:: Available data ::

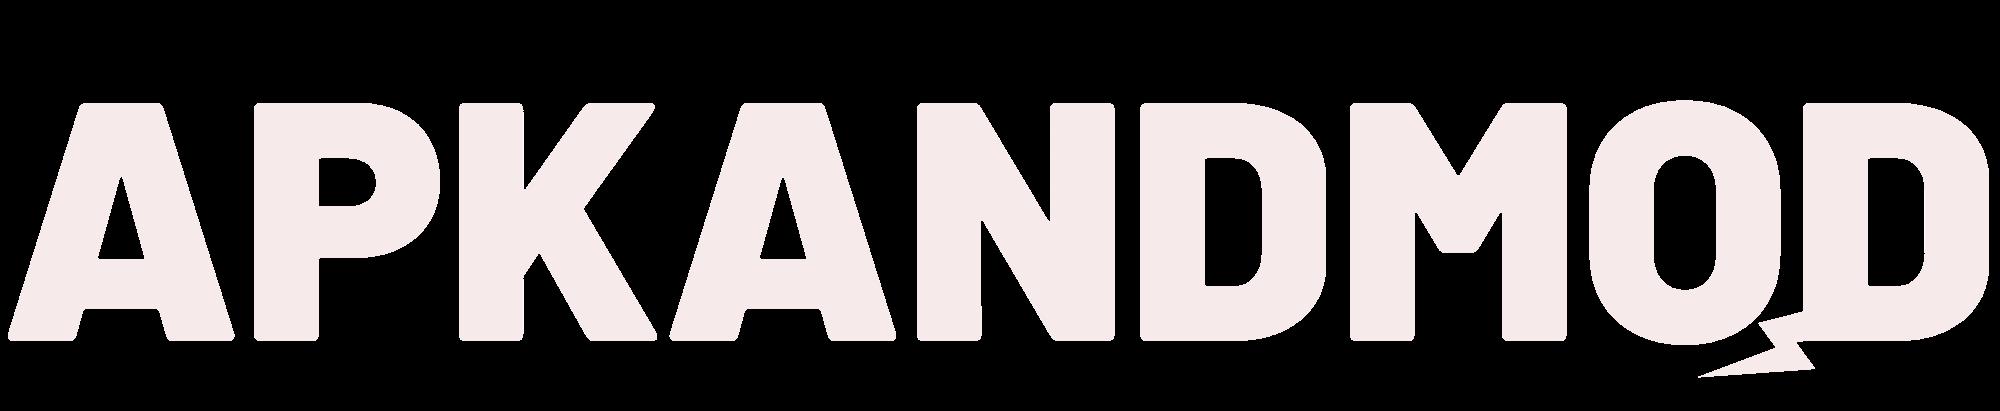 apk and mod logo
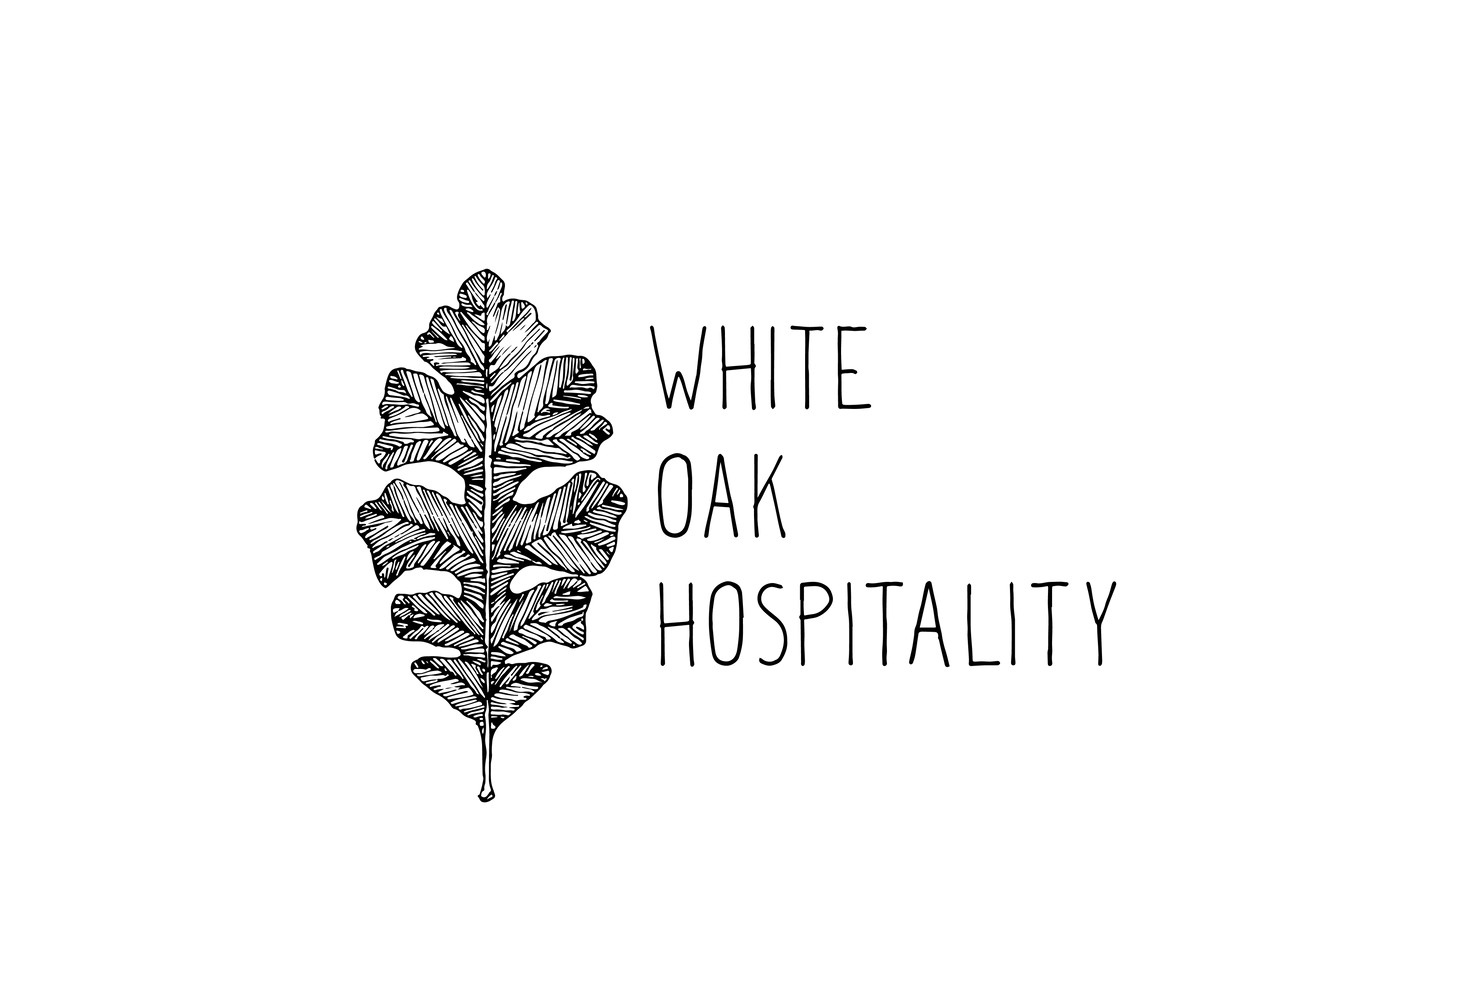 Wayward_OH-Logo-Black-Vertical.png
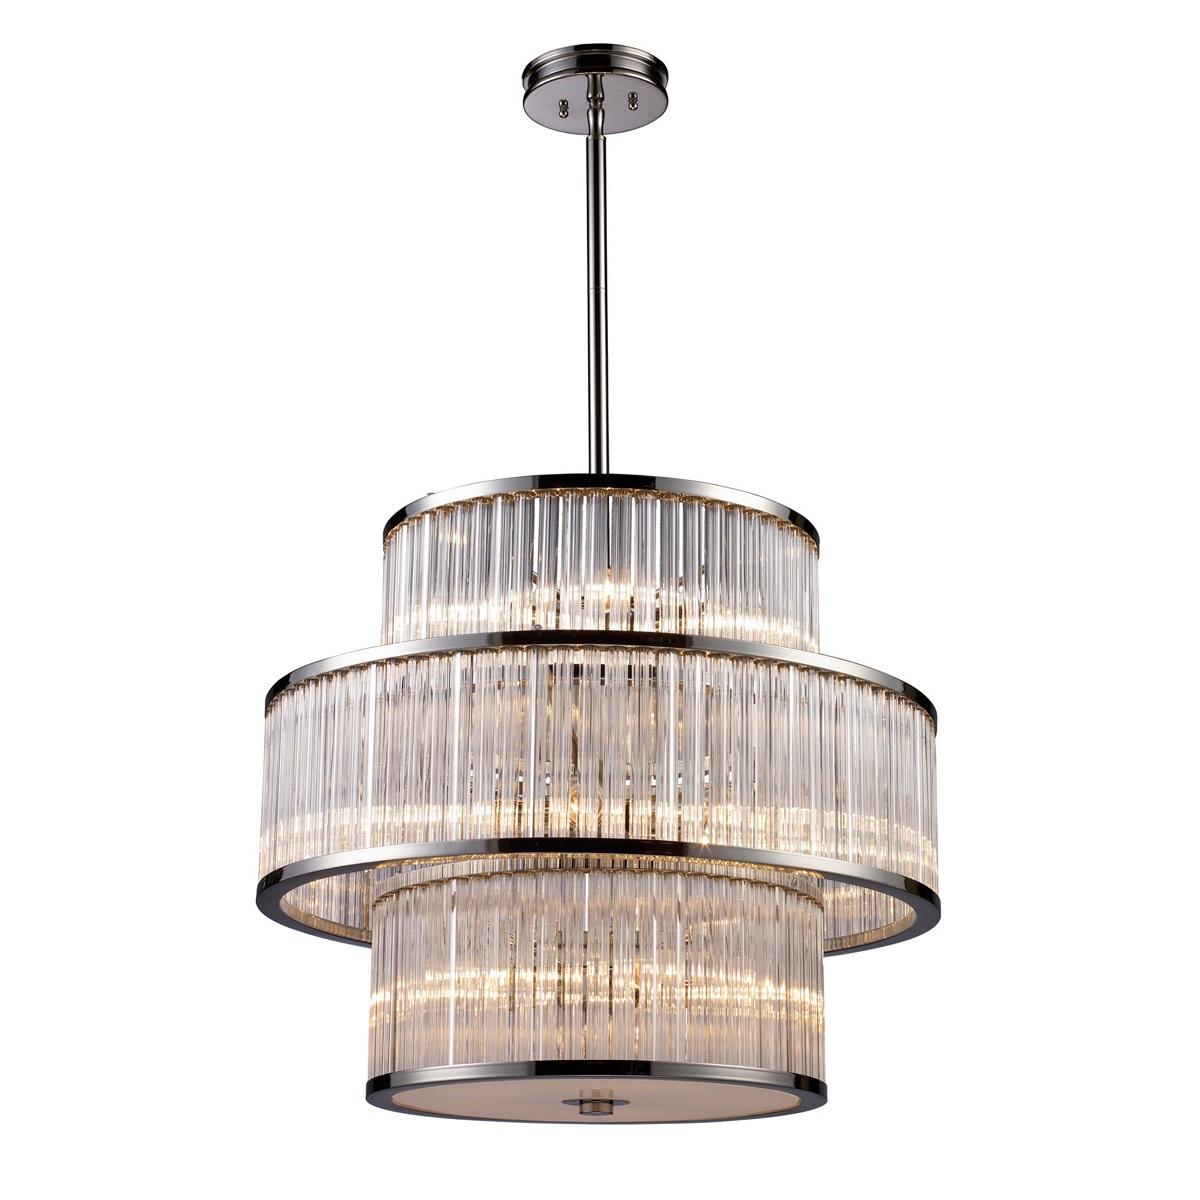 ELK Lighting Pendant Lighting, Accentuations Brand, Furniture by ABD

:::

## Problem requirements
Pictures stay out; all other material above is restated word for word.

## Task solution
 apk and mod logo
 Wayward_OH-Logo-Black-Vertical.png
 ELK Lighting Pendant Lighting, Accentuations Brand, Furniture by ABD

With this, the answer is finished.